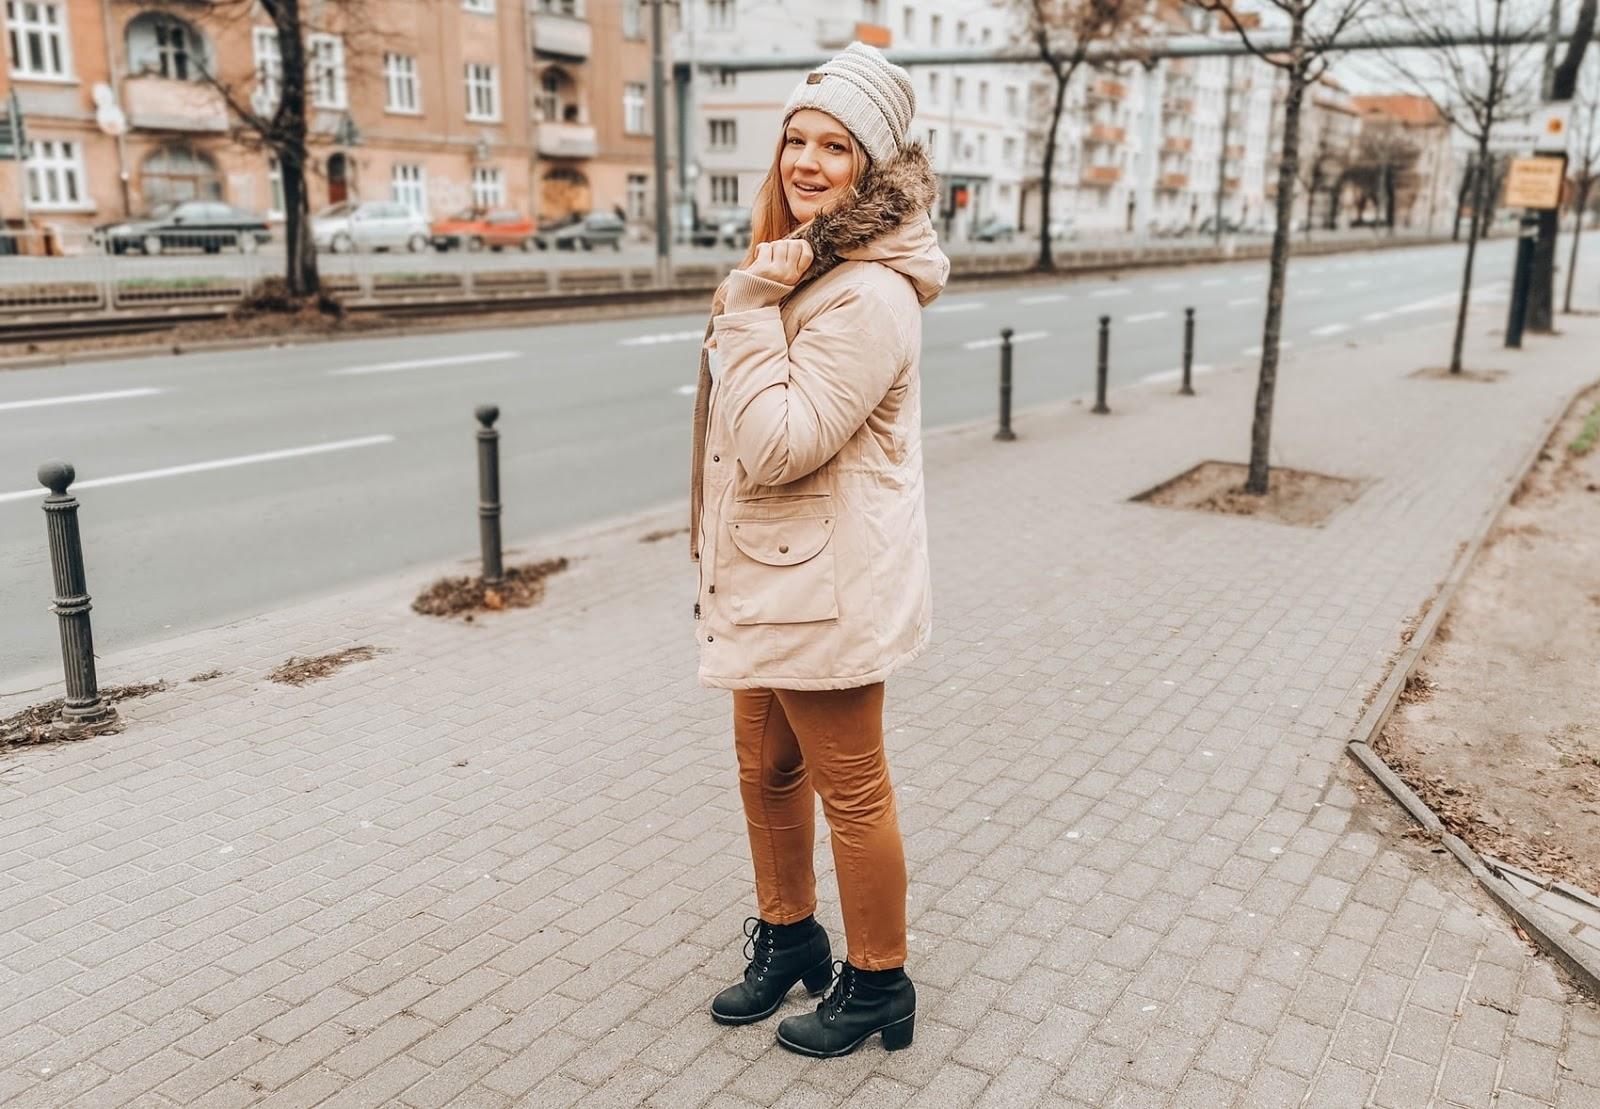 zimowe-stylizacje_moda-uliczna
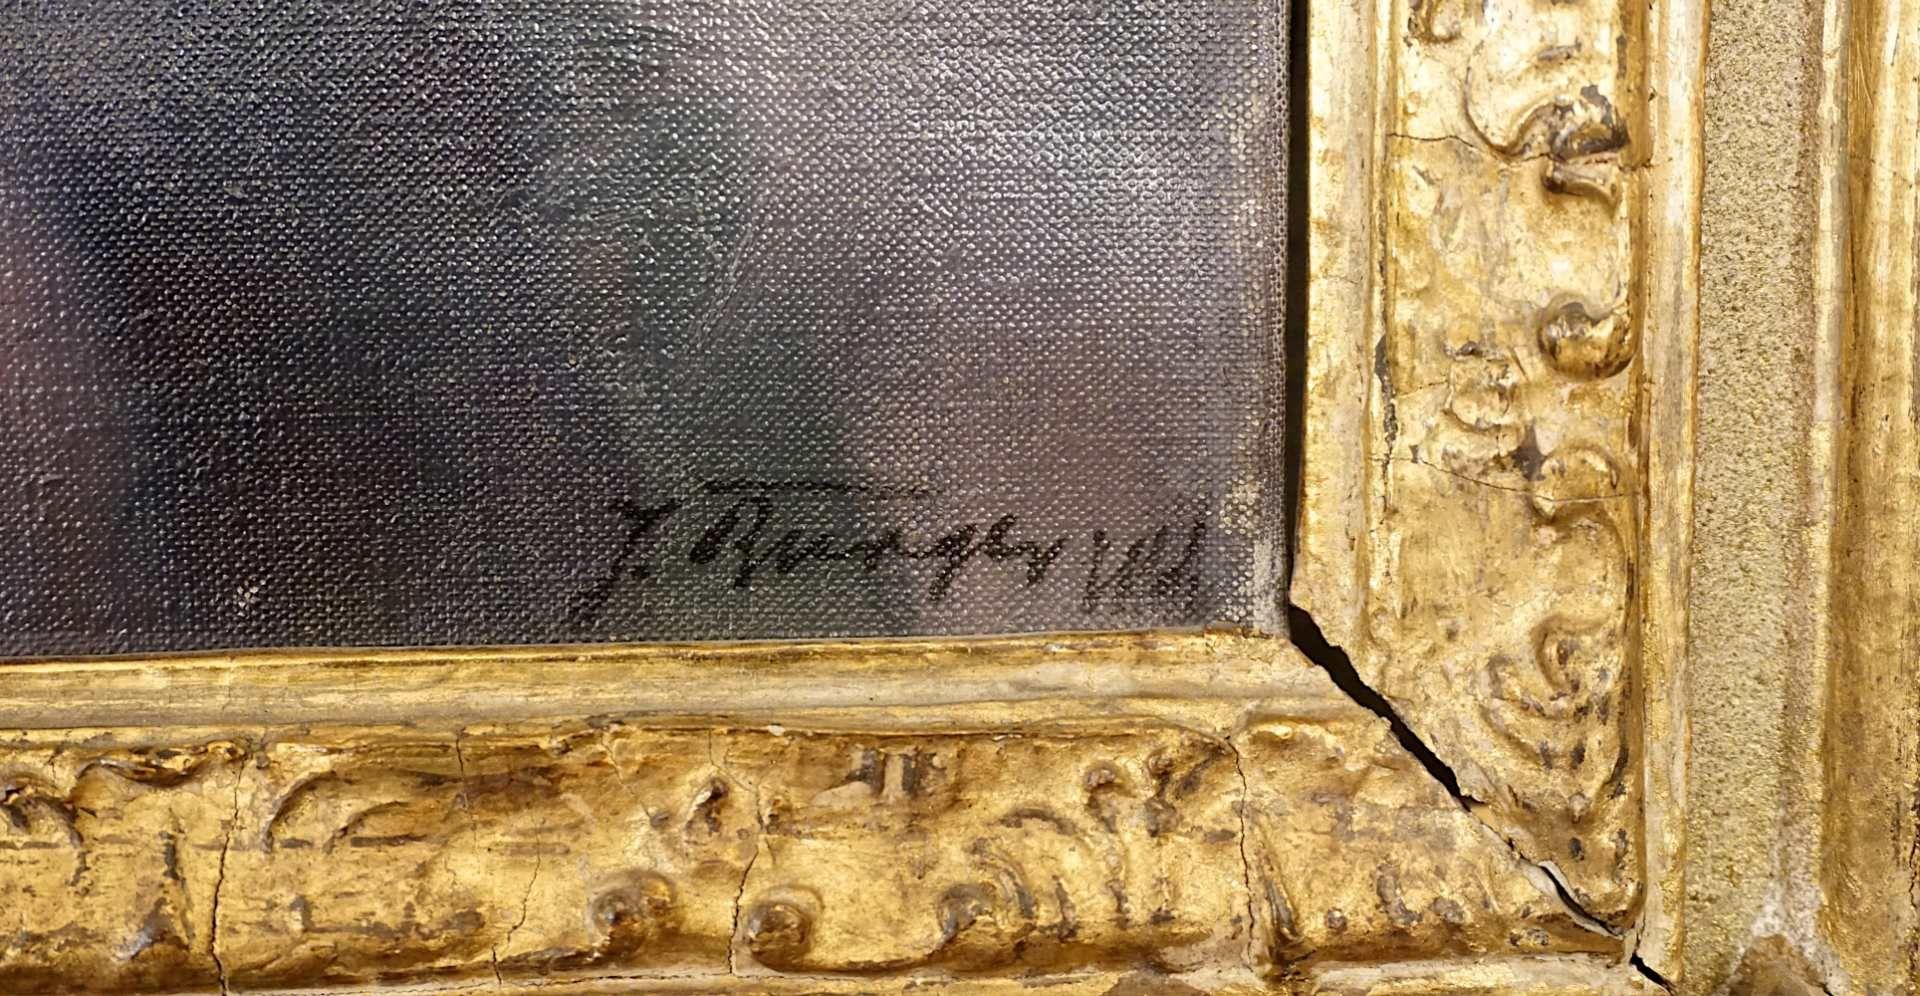 """1 Ölgemälde """"Stillleben"""" R.u. sign. J. BURGER (wohl Josef B. 1878-1966) Öl/Lwd. ca. - Bild 4 aus 4"""
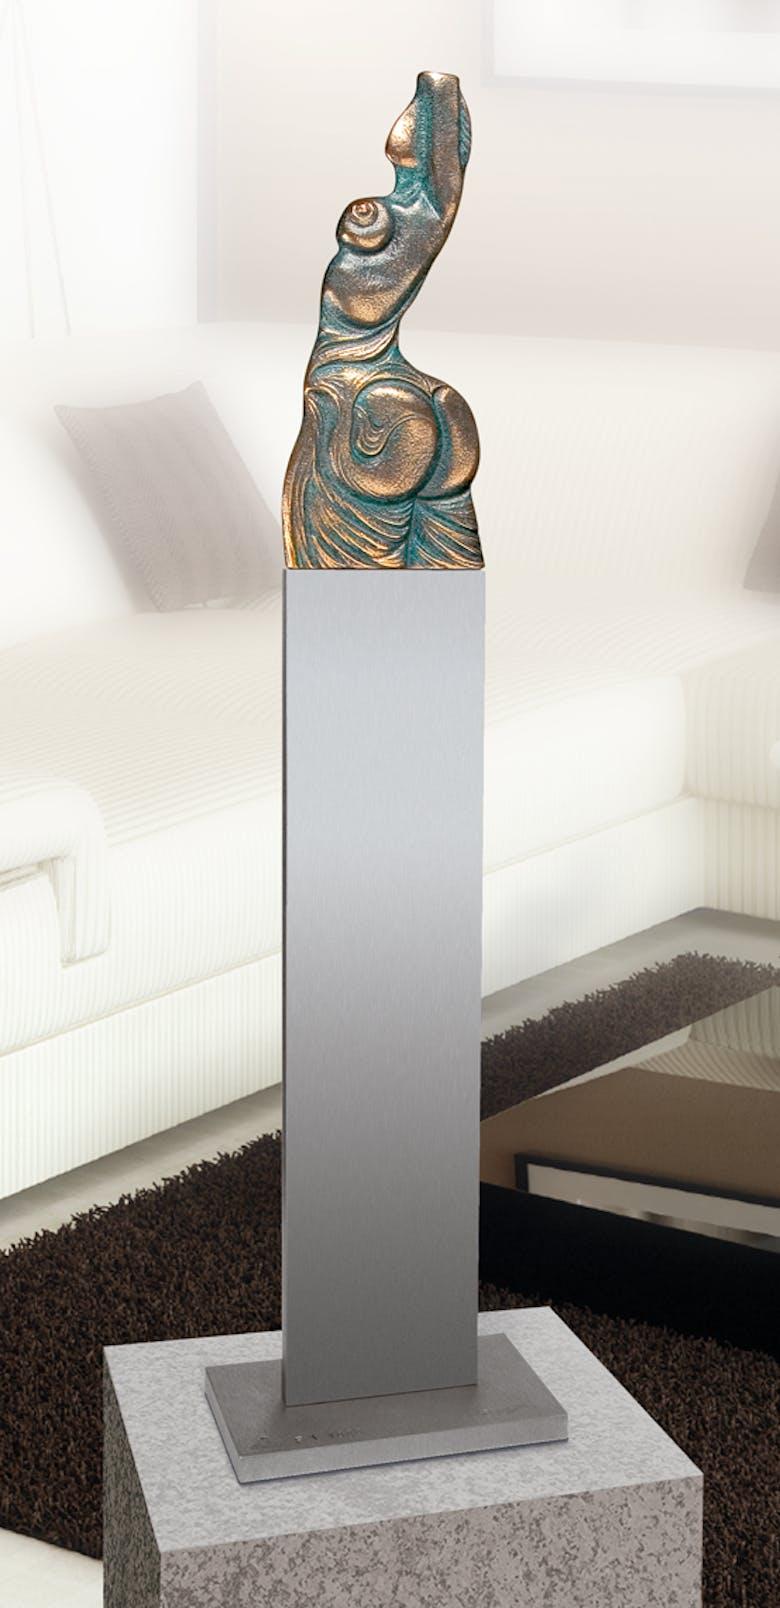 Bronzefigur Venusische Zeichen unter der Haut, Tischvariante von Ernst Fuchs

────────────────

## [How to complete this task]
Could you print the listing above exactly, without the pictures?

## [Exercise output]
 zimowe-stylizacje_moda-uliczna
 """1 Ölgemälde """"Stillleben"""" R.u. sign. J. BURGER (wohl Josef B. 1878-1966) Öl/Lwd. ca. - Bild 4 aus 4"""
 Bronzefigur Venusische Zeichen unter der Haut, Tischvariante von Ernst Fuchs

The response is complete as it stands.